Working Paper | HBS Working Paper Series | 2013

Spatial Organization of Firms and Location Choices through the Value Chain

by Juan Alcacer and Mercedes Delgado

Abstract

We explore the impact of geographically bounded, intra-firm linkages (internal agglomerations) and geographically bounded, inter-firm linkages (external agglomerations) on firms' location strategies. Using data from the Census Bureau's Longitudinal Business Database, we analyze the locations of new establishments of biopharmaceutical firms in the U.S. in 1993–2005. We consider all activities in the value chain and allow location choices to vary by R&D, manufacturing, and sales. Our findings suggest that internal agglomerations have a positive impact on location. The effects of internal agglomerations vary by activity, and they arise both within an activity (e.g. among plants) and across activities (e.g. between sales and manufacturing). Our results also suggest that previous estimates of the effect of external agglomerations may be overestimated because the existing literature abstracted from internal agglomerations.

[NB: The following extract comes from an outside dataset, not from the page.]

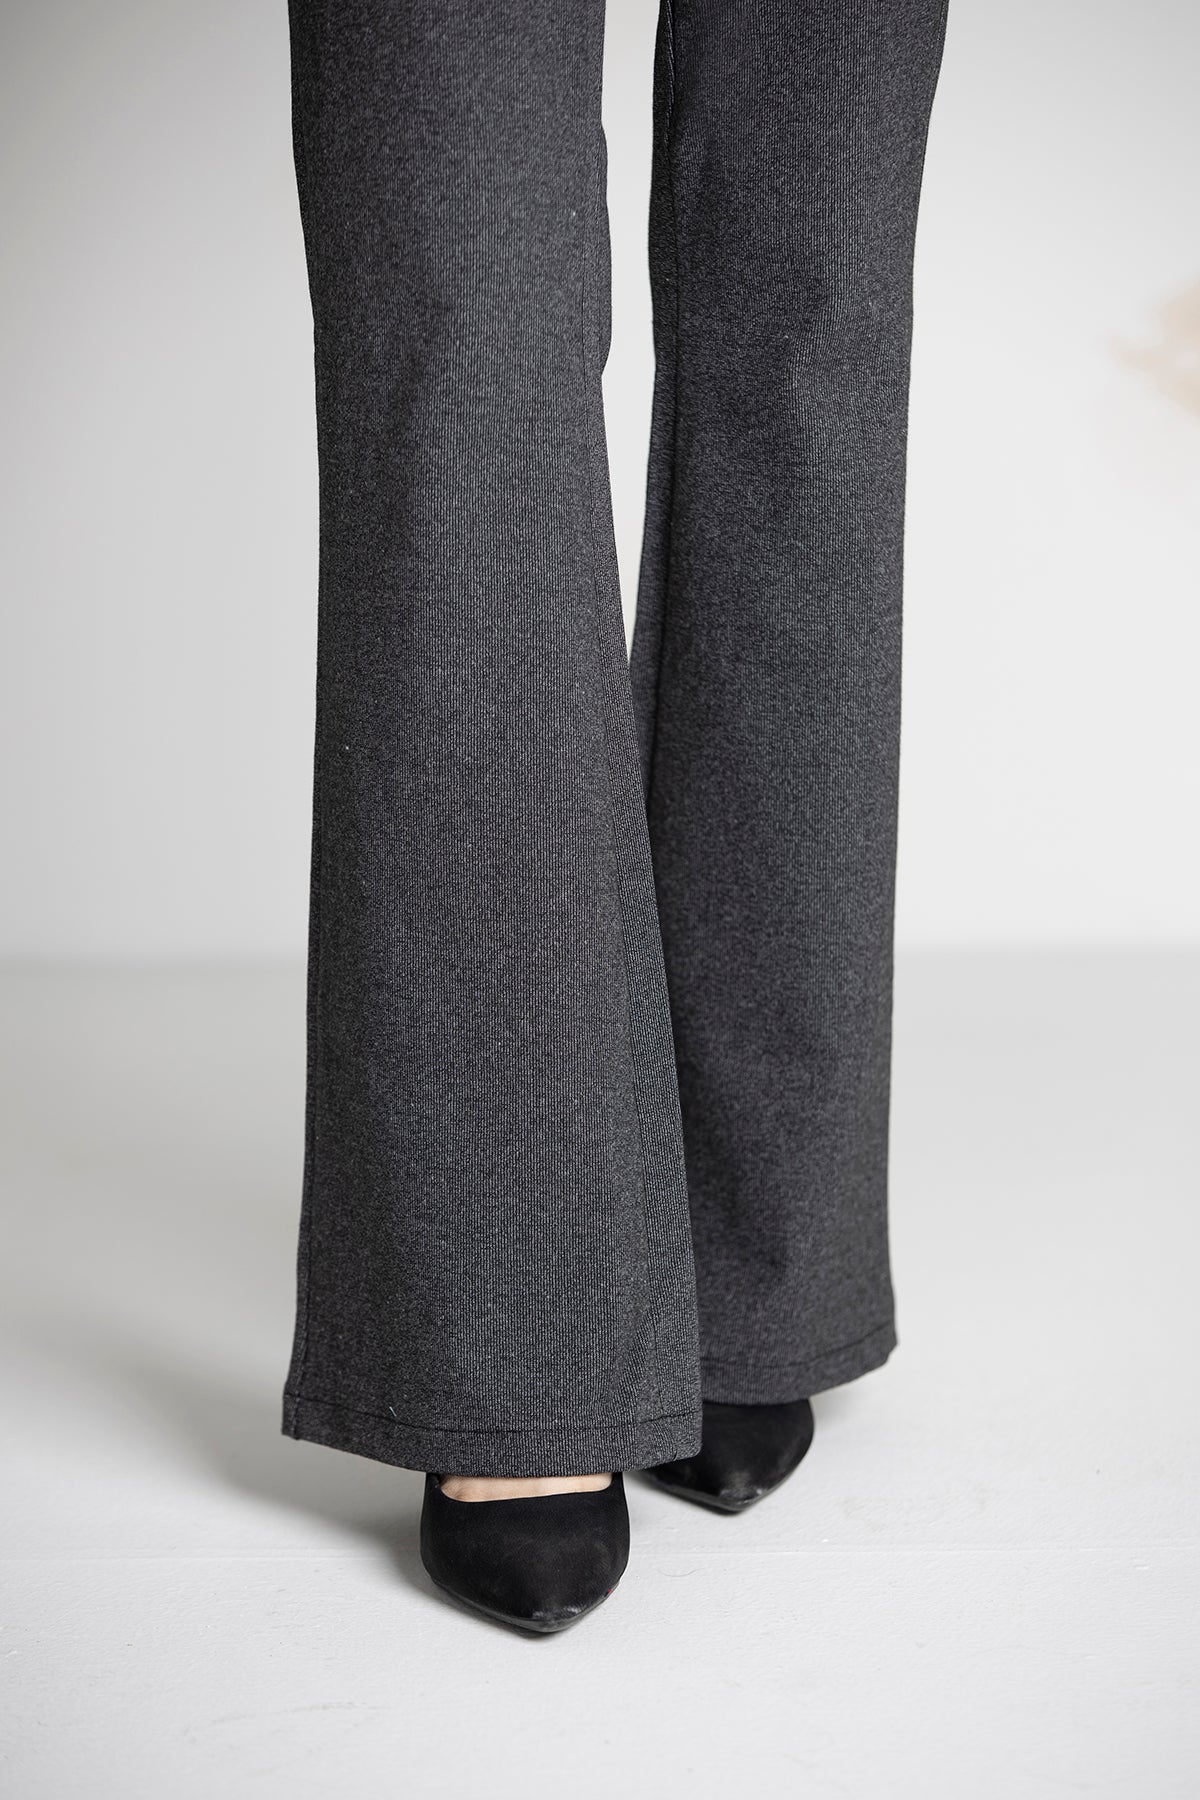 Pakistani Designers Original Nishat Linen Suit Kameez Trousers Dupatta M /  L siz | eBay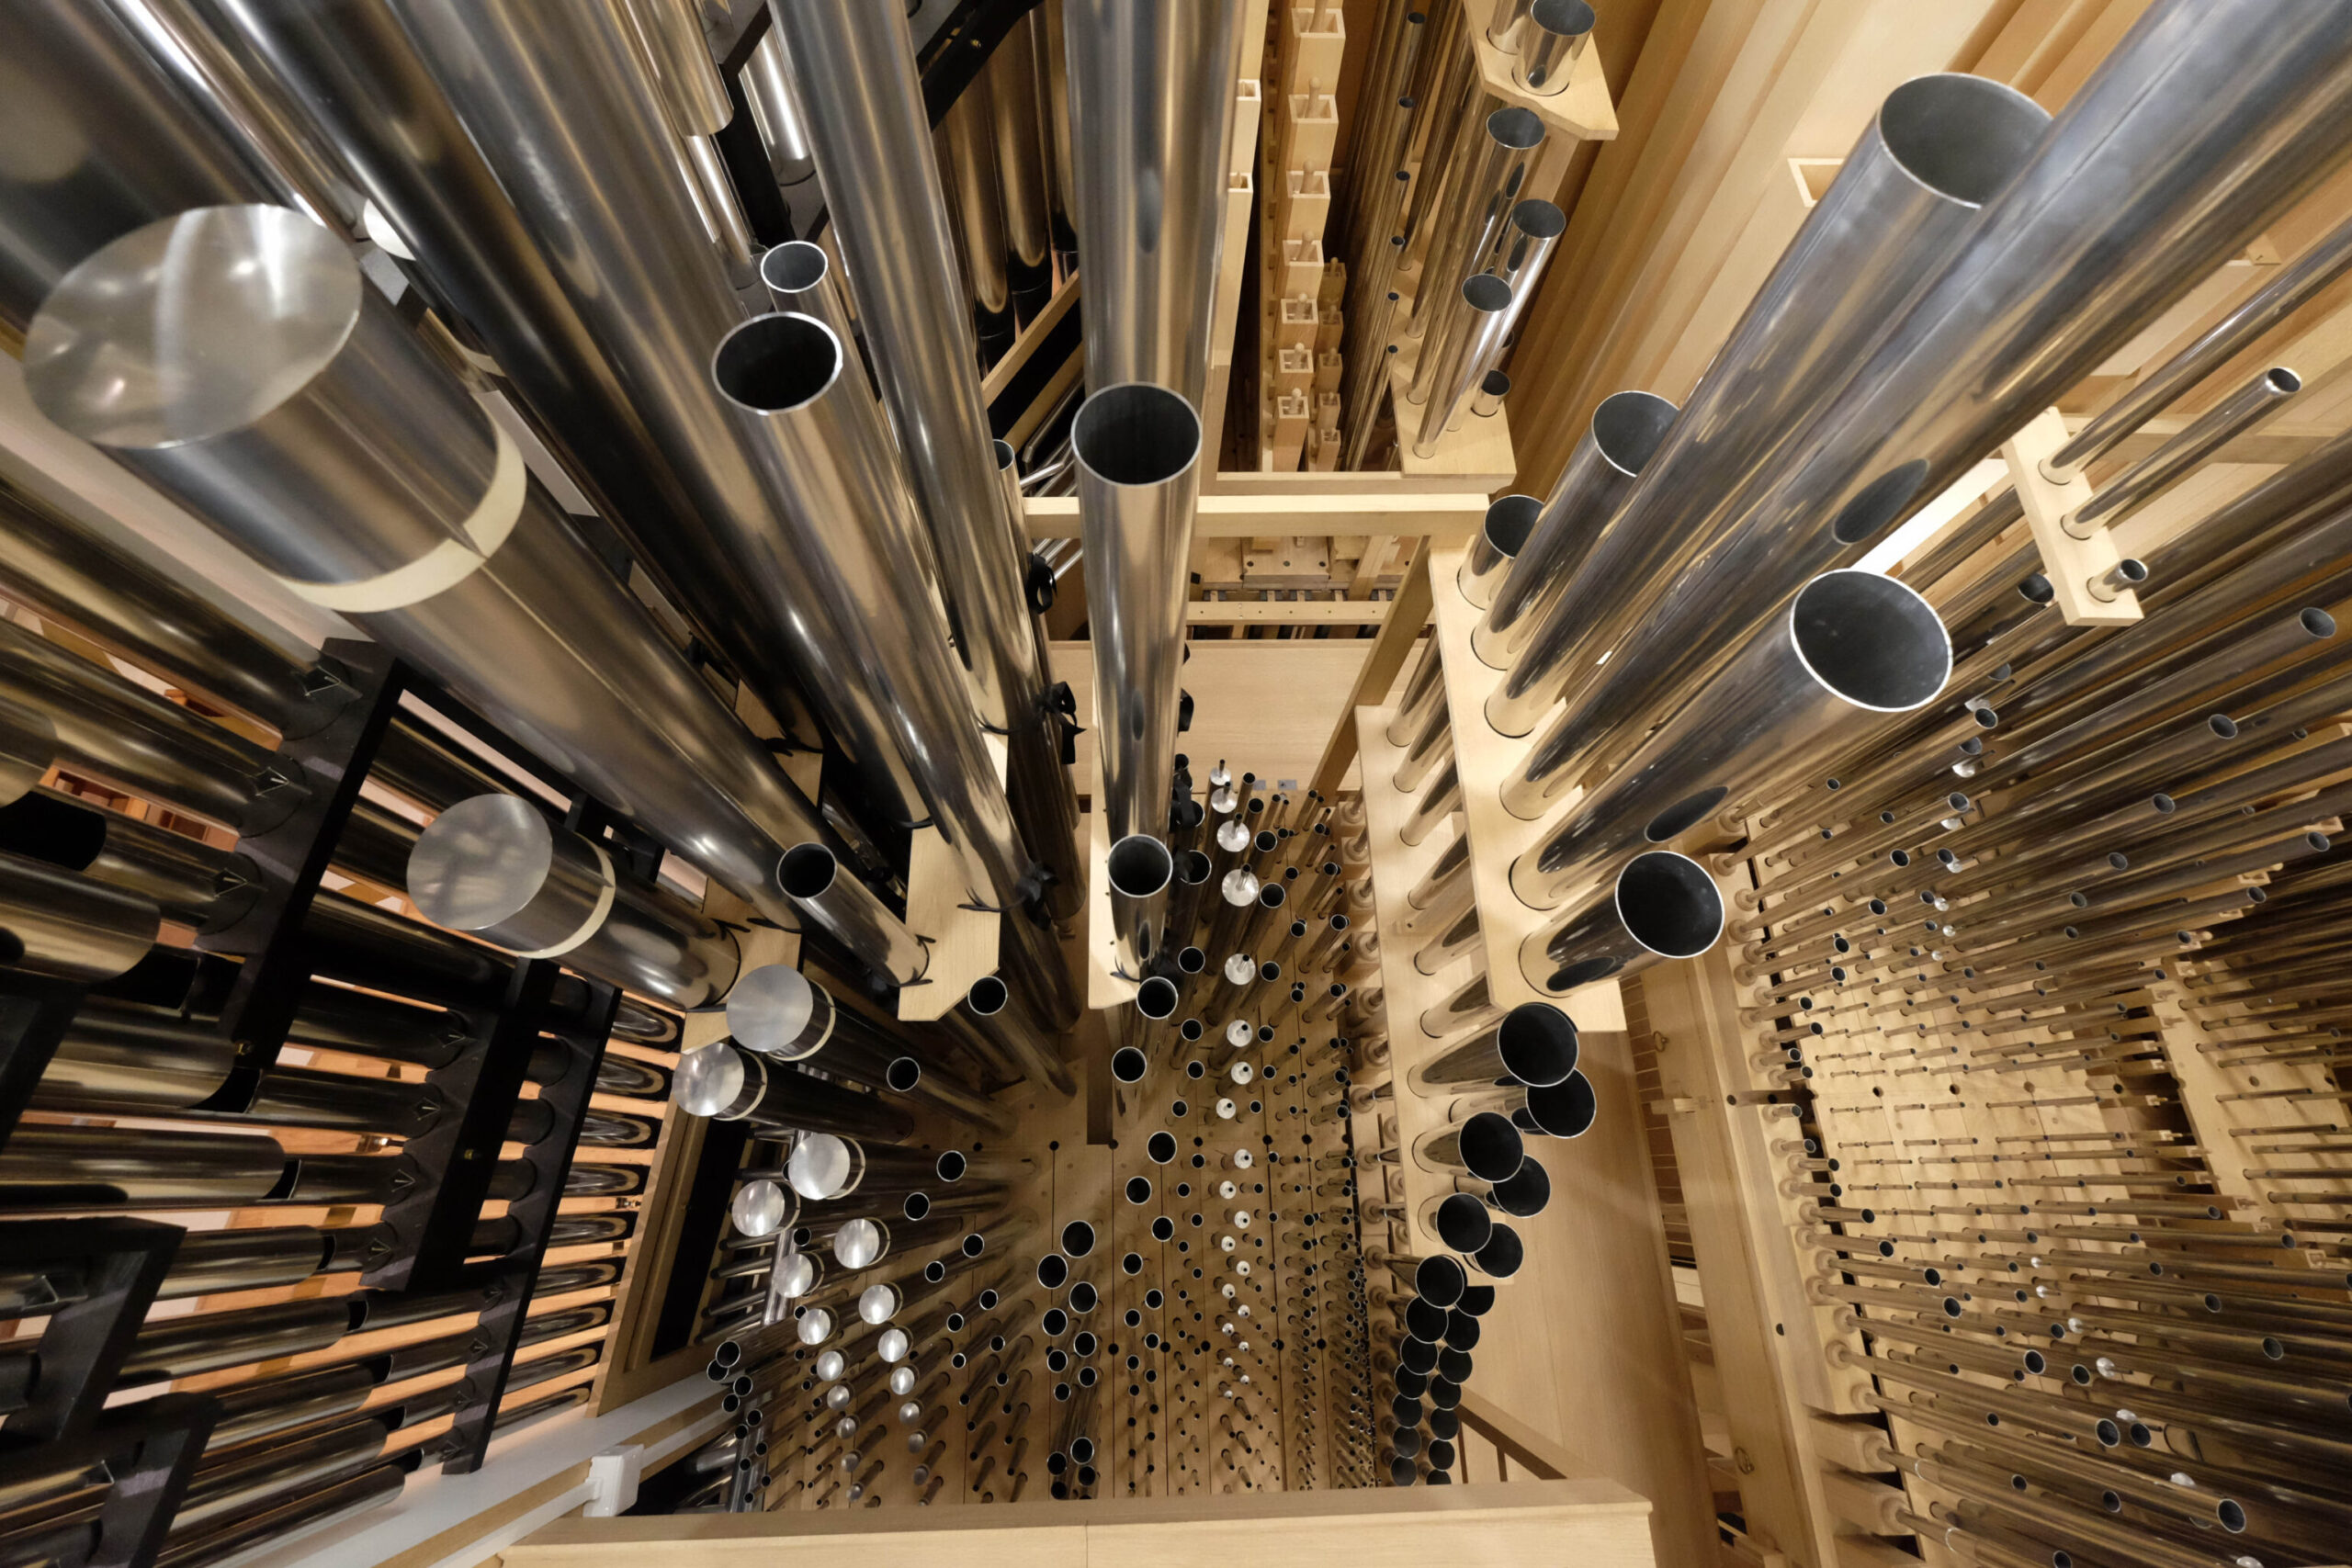 Blick von oben in die Metallpfeifen einer Orgel

Keywords: Location choices; agglomeration economies; value chain; organization theory; Geographic Location; Industry Clusters; Customer Value and Value Chain; Organizational Structure;

Citation:

Alcacer, Juan, and Mercedes Delgado. "Spatial Organization of Firms and Location Choices through the Value Chain." Harvard Business School Working Paper, No. 13-025, August 2012. (Revised August 2013.)